= Murtogh Moynagh O'Conor =

Prince of Connacht during the 12th century

Murtogh Moynagh O'Conor (Irish: Muirchertach Muimhnech Ua Conchobair), prince of Connacht, Ireland, flourished 1156–1210.

==Biography==
Muirchertach was one of over twenty sons sired by King Tairrdelbach of Connacht. His nickname, Muimhnech, indicated that he was fostered in Munster.

He was one of three sons of Tairdelbach arrested in 1156 by their brother, Ruaidrí Ua Conchobair, on the death of their father. Ruaidrí was his father's Tánaiste, but secured Muirchertach, Brian Breifneach and Brian Luighneach to prevent them gaining the kingship. As an extra precaution, Brian Breifneach was blinded. Before his death Muirchertach became Tánaiste himself and held control of much of present-day County Mayo. His sons were subsequently expelled from this area in the conquest of Connacht by Richard Mór de Burgh, 1st Baron of Connaught in 1235.

He was the ancestor to the Clan Muircheartaigh Uí Conchobhair and five Kings of Connacht, who reigned between 1280 and 1343.
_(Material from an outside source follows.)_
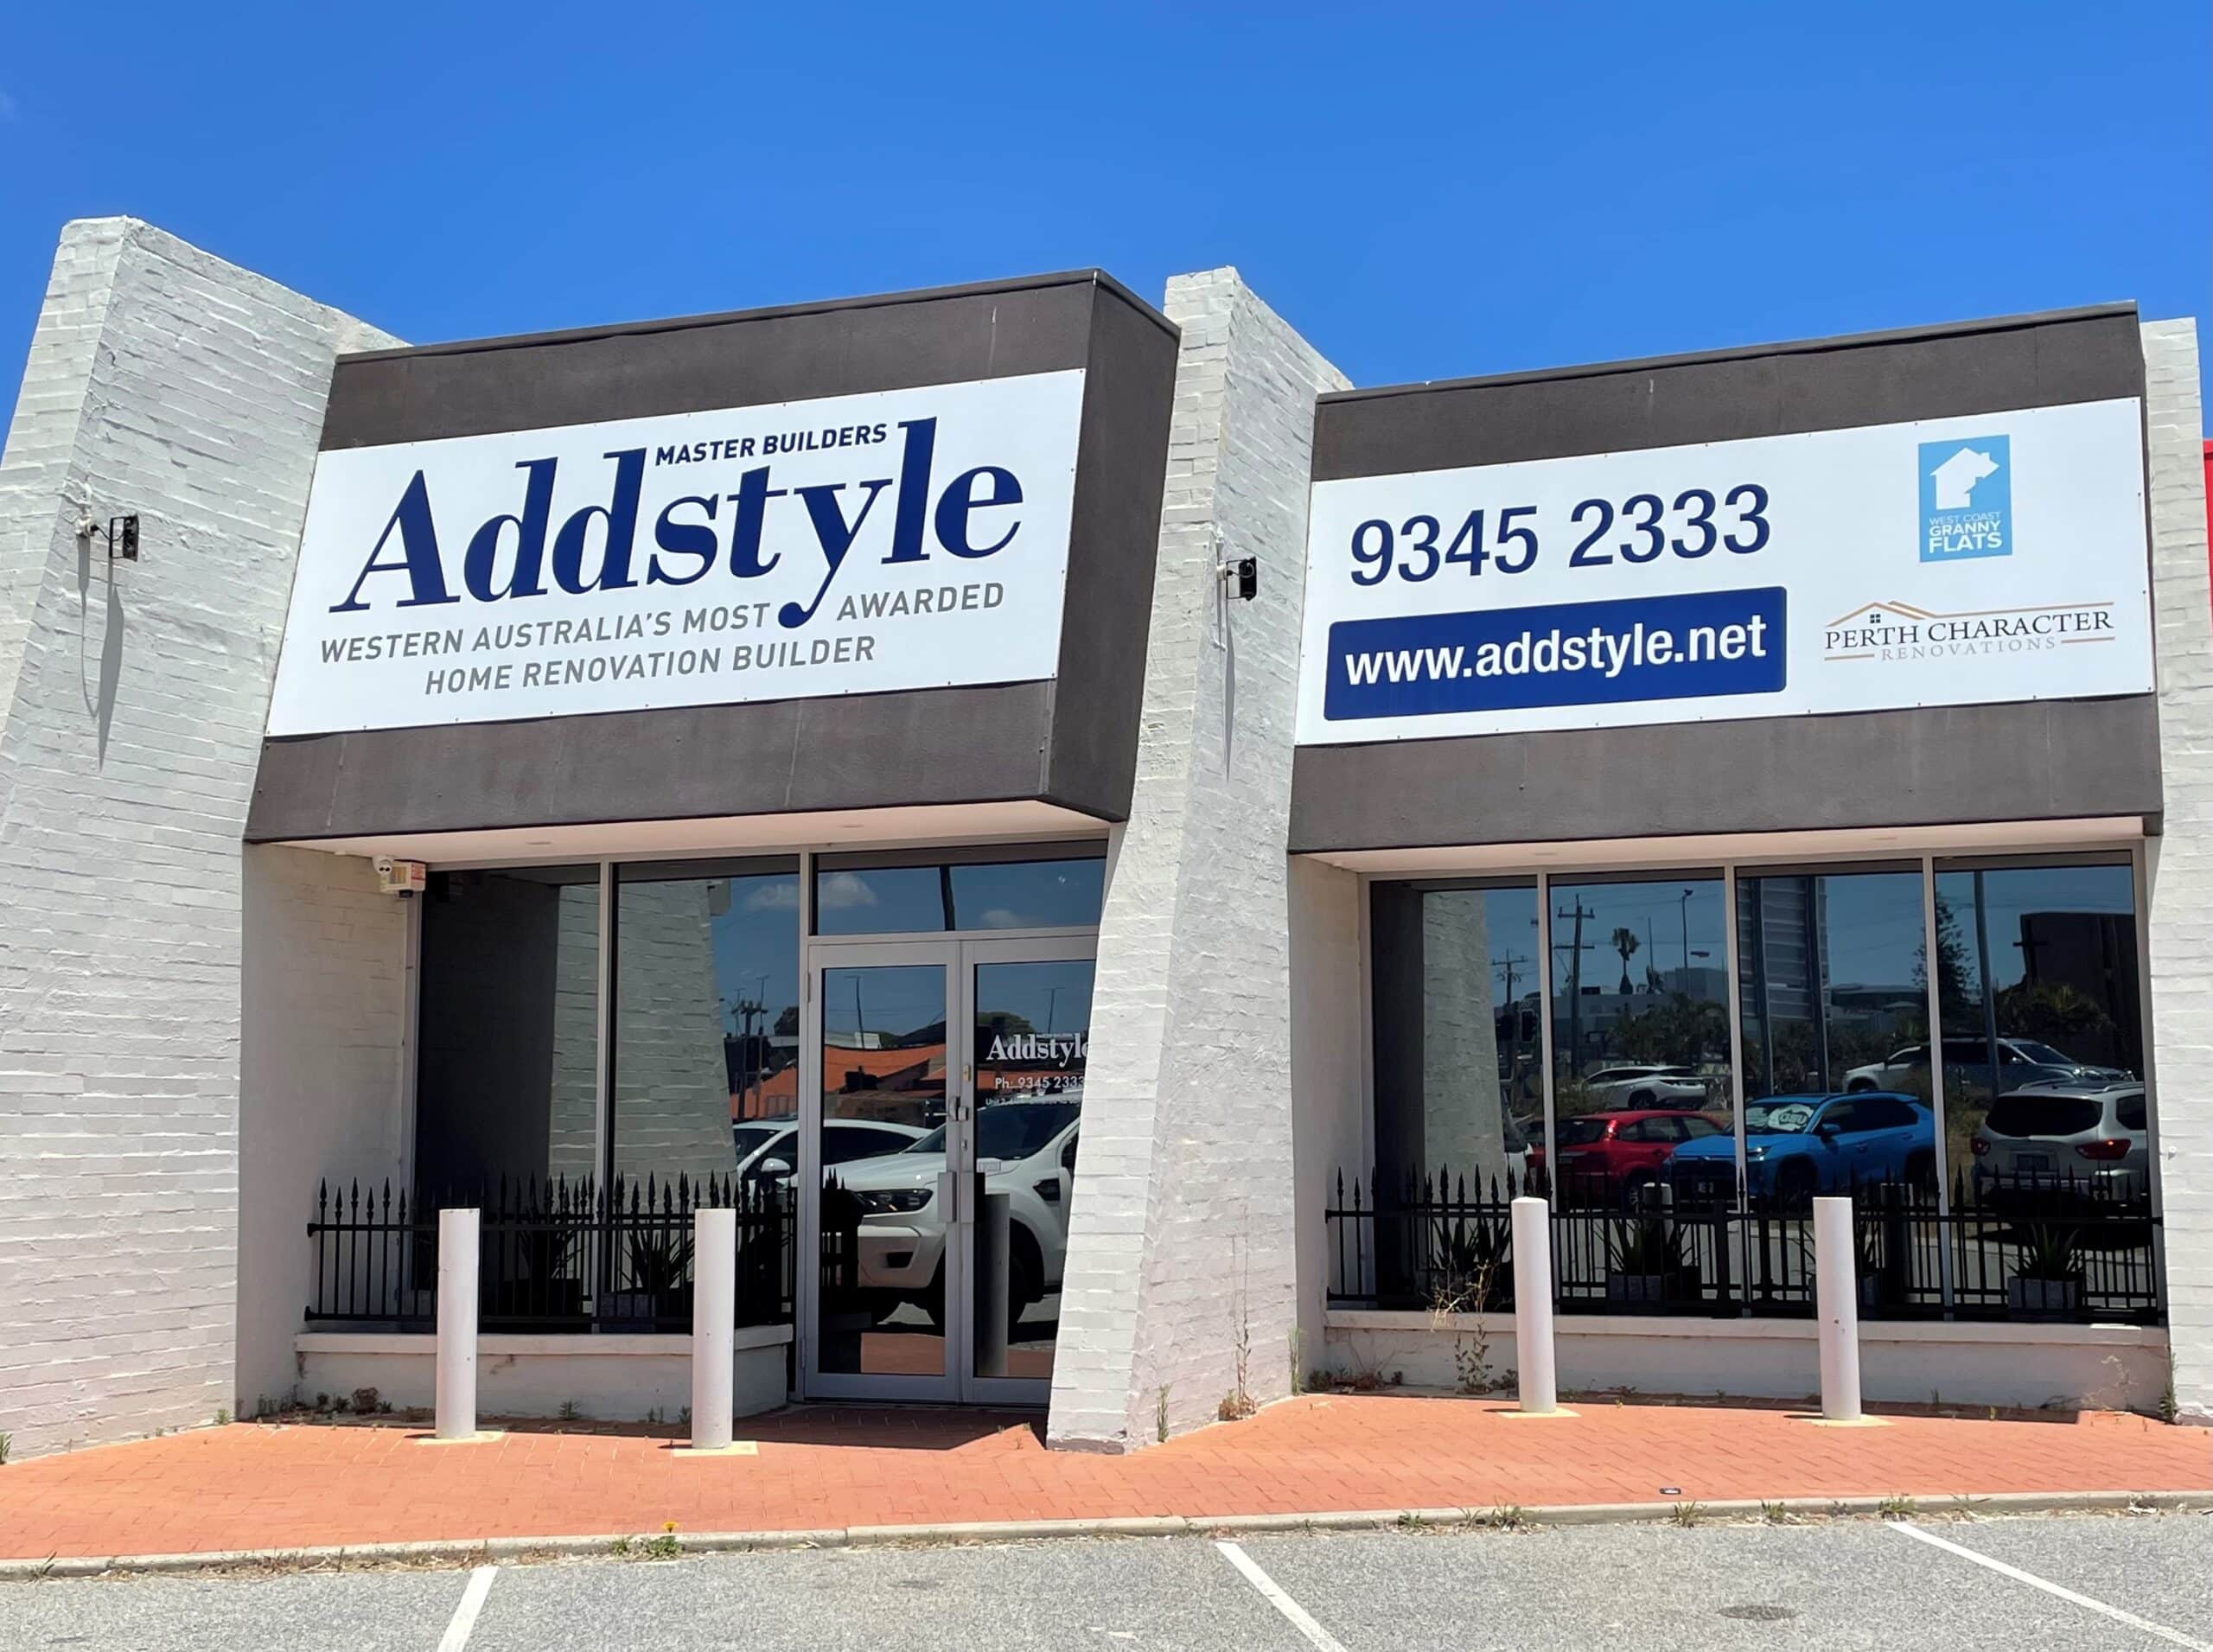 Addstyle office

His wife died in 1231. She is described in the Annála Connacht as:

"..Feth fo lige, daughter of Conchobar Mac Diarmata and wife of Muirchertach Muimnech son of Toirrdelbach Mor O Conchobair, died this year. She was the greatest, most beautiful, most generous, purest woman and of the best repute that ever was in Leth Cuinn, and the mother of Magnus mac Muirchertaig Muimnig and Conchobar Ruad and Tuathal and Toirrdelbach the priest, prior of the church of Peter and Paul".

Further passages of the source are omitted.